THE DATA:
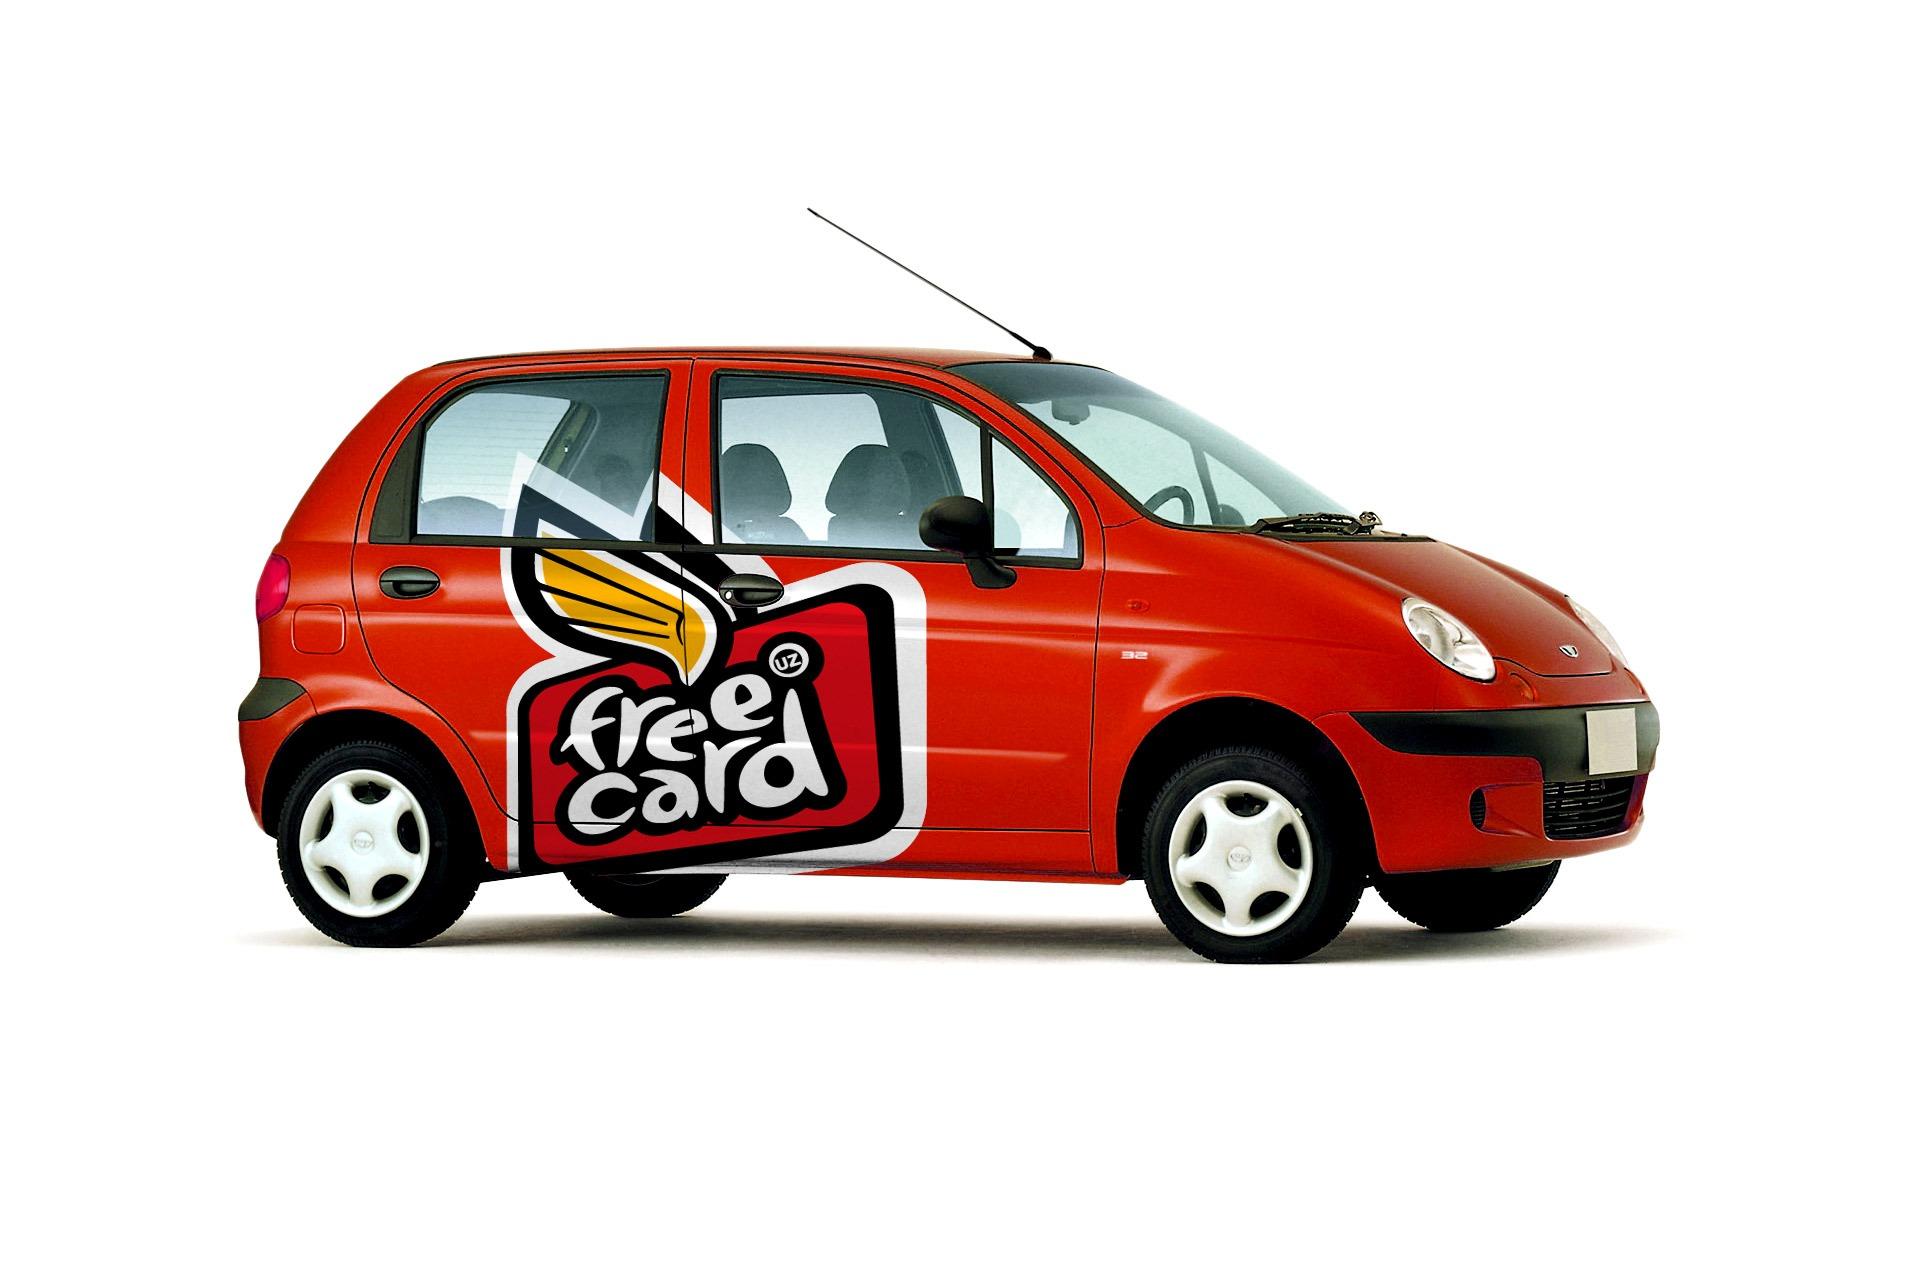 Asgard Branding, фирменный стиль, брендинг автомобиля, лого, Free Card, дизайн, графический дизайн, рекламное агентство
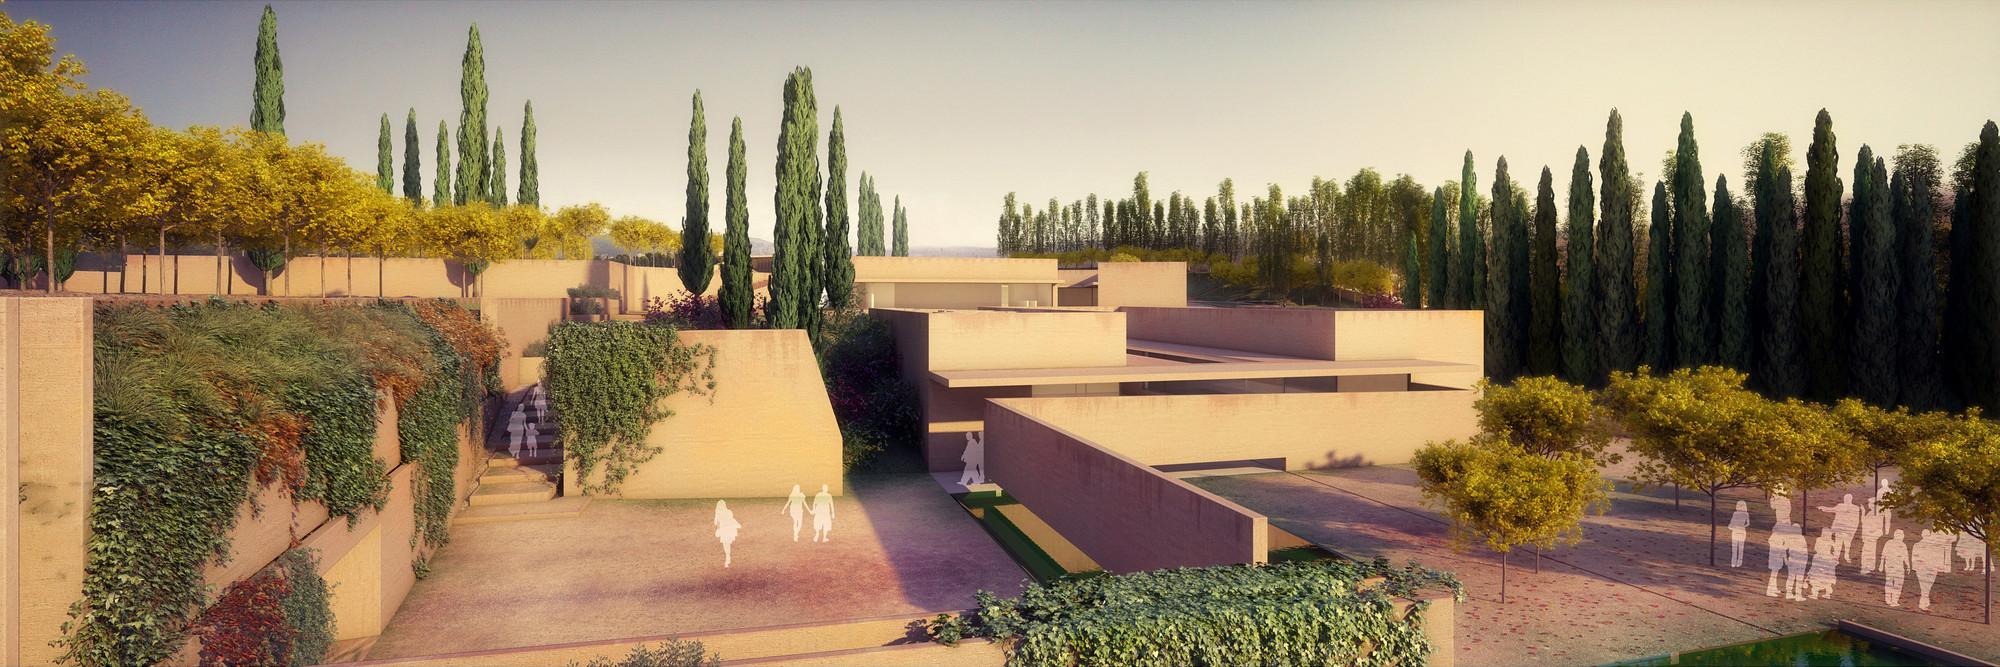 España: construcción del nuevo atrio de la Alhambra diseñado por Álvaro Siza levanta polémica, © Alvaro Siza Vieira + Juan Domingo Santos; Rendering by LT Studios
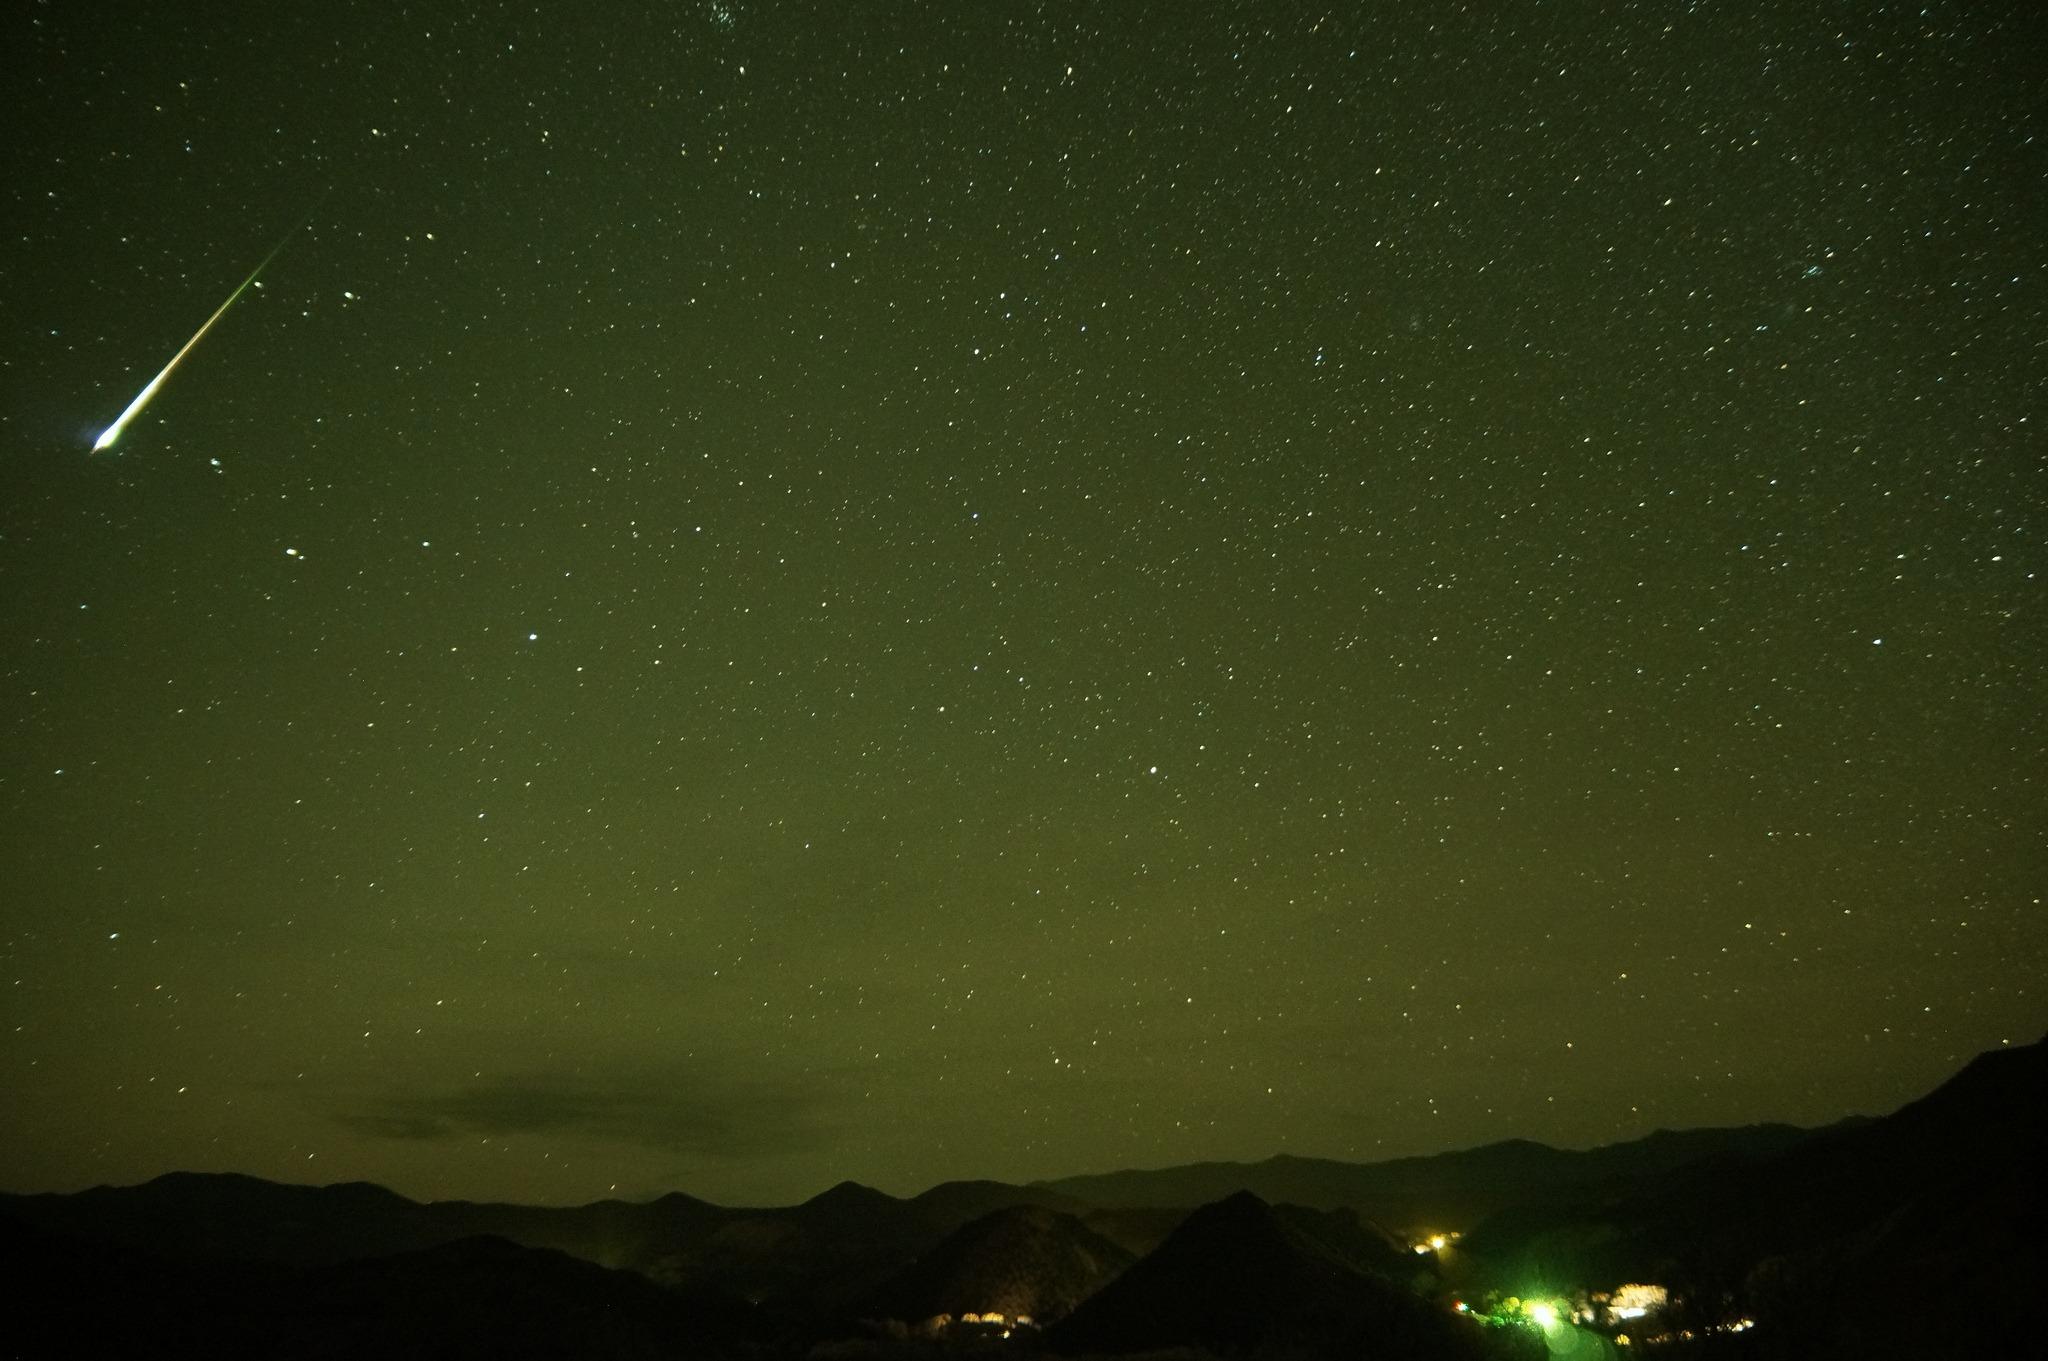 Orionidele au loc în fiecare an, în a doua parte a lunii octombrie. Foto: Mike Lewinski / Flickr

PROBLEM:
Please output the material as written, apart from the images.

EXERCISE ANSWER:
 Asgard Branding, фирменный стиль, брендинг автомобиля, лого, Free Card, дизайн, графический дизайн, рекламное агентство
 España: construcción del nuevo atrio de la Alhambra diseñado por Álvaro Siza levanta polémica, © Alvaro Siza Vieira + Juan Domingo Santos; Rendering by LT Studios
 Orionidele au loc în fiecare an, în a doua parte a lunii octombrie. Foto: Mike Lewinski / Flickr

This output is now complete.